Georgina listed the integers from \(1\) to \(13\):
\(1\), \(2\), \(3\), \(4\), \(5\), \(6\), \(7\), \(8\), \(9\), \(10\), \(11\), \(12\), \(13\)
She determined that the sum of all of the digits of the integers in this list is
\(1+2+3+4+5+6+7+8+9+(1+0)+(1+1)+(1+2) + (1+3)= 55\)
She then challenged you to determine the sum of all of the digits of the integers from \(1\) to \(100\). What sum would you get?
In the integers from \(1\) to \(100\), each digit from \(0\) to \(9\) appears as the units digit of a number exactly ten times. For example, the digit \(1\) appears as the units digit in the numbers \(1\), \(11\), \(21\), \(31\), \(41\), \(51\), \(61\), \(71\), \(81\), \(91\), a total of \(10\) numbers. Therefore, the sum of all of the units digits is \[\begin{aligned} 10(1) &+ 10(2) + 10(3) + 10(4) + 10(5)+ 10(6) + 10(7) +10(8) +10(9) +10(0)\\ & = 10(1 + 2 + 3 + 4 + 5 + 6 + 7 + 8 + 9 + 0)\\ & = 10(45)\\ &=450 \end{aligned}\]

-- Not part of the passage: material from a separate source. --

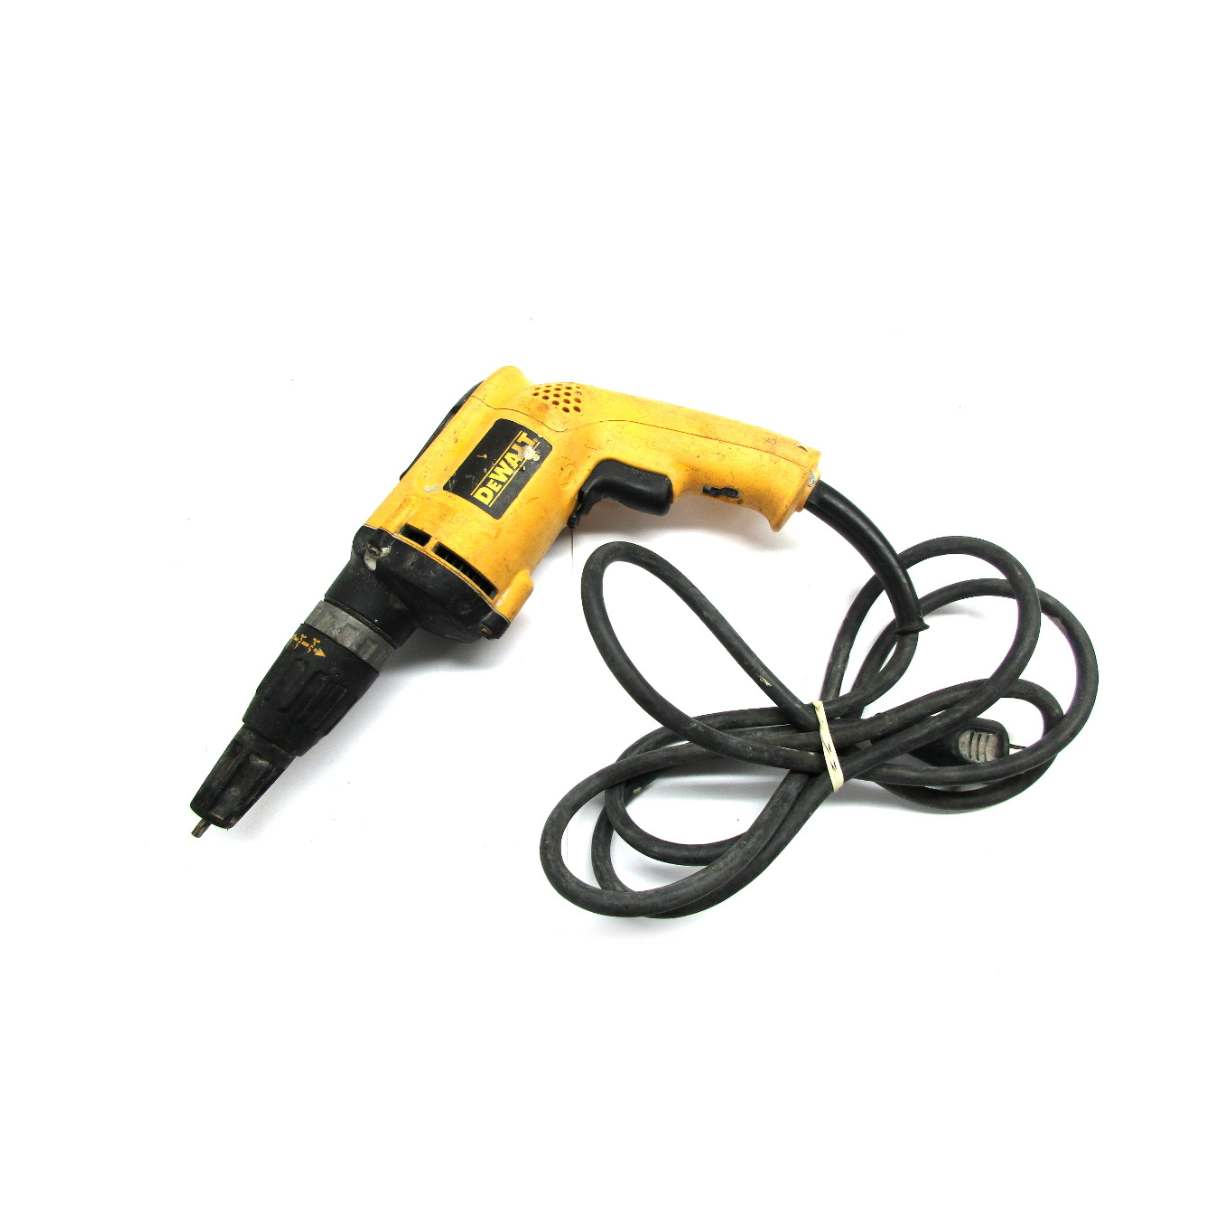 Safety Precautions When Using Power Tools With Electrical Cords
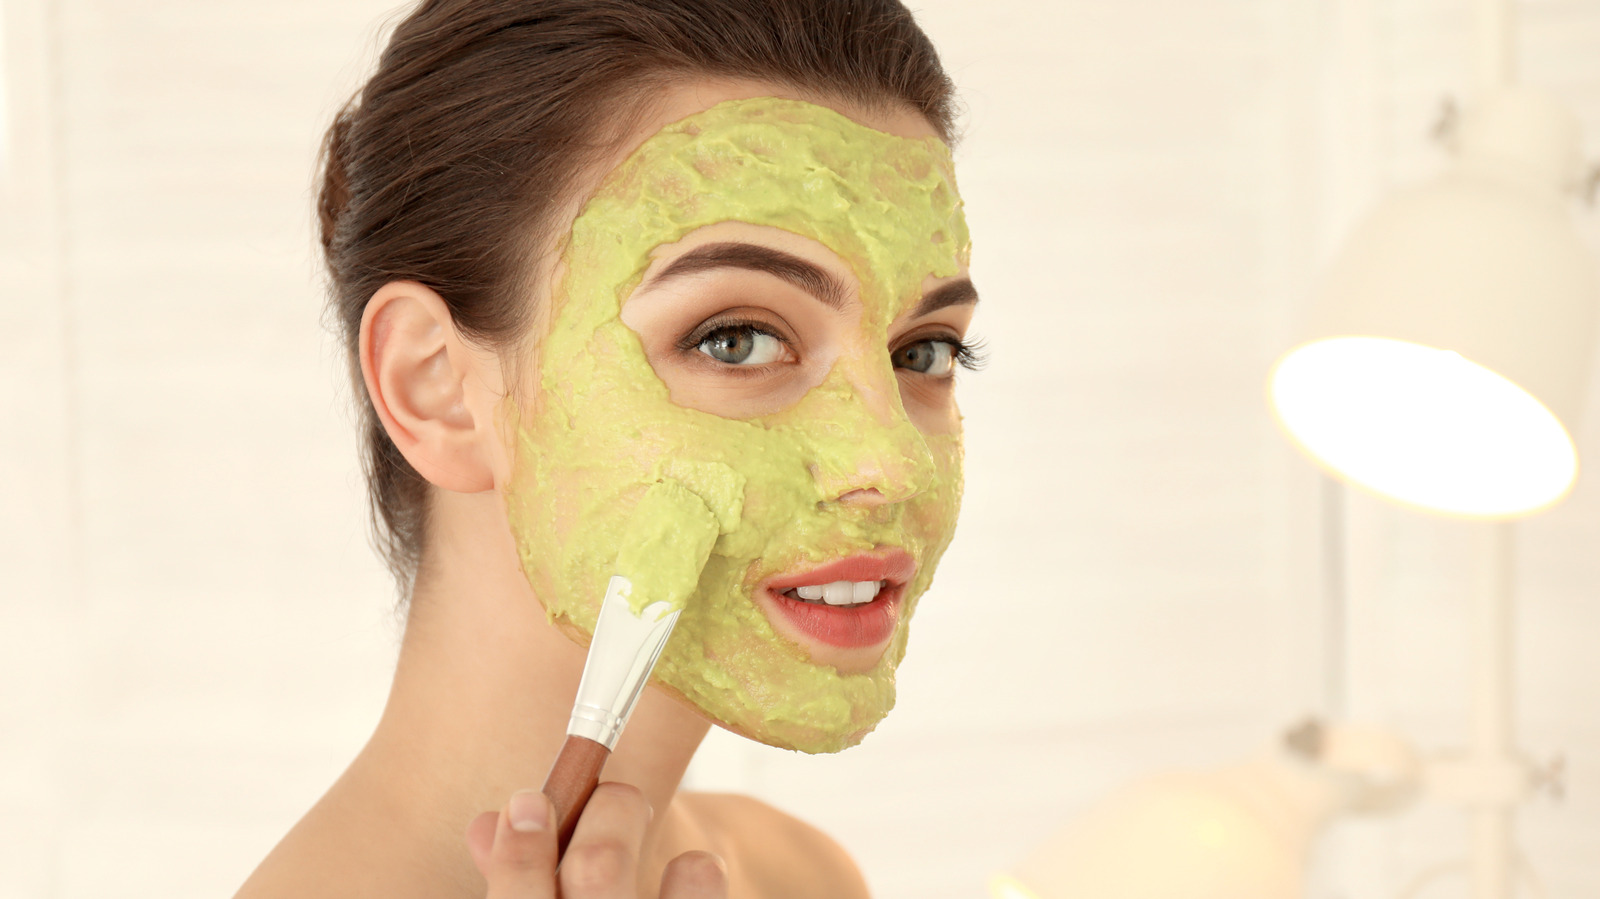 15 DIY Face Mask Ideas For Your Next Self-Care

Similarly, each digit from \(1\) to \(9\) appears as the tens digit of a number exactly ten times. For example, the digit \(1\) appears as the tens digit in the numbers \(10\), \(11\), \(12\), \(13\), \(14\), \(15\), \(16\), \(17\), \(18\), \(19\), a total of \(10\) numbers. The digit \(0\) appears as the tens digit of a number once. Therefore, the sum of all of the tens digits is \[\begin{aligned} 10(1 + 2 + 3 + 4 + 5 + 6 + 7 + 8 + 9 ) + 0&=10(45)\\ &=450 \end{aligned}\]
The number \(100\) is the only number with a hundreds digit. We need to add \(1\) to our final sum.
Therefore, the sum of all of the digits of the integers from \(1\) to \(100\) is \(450 + 450 + 1 = 901\).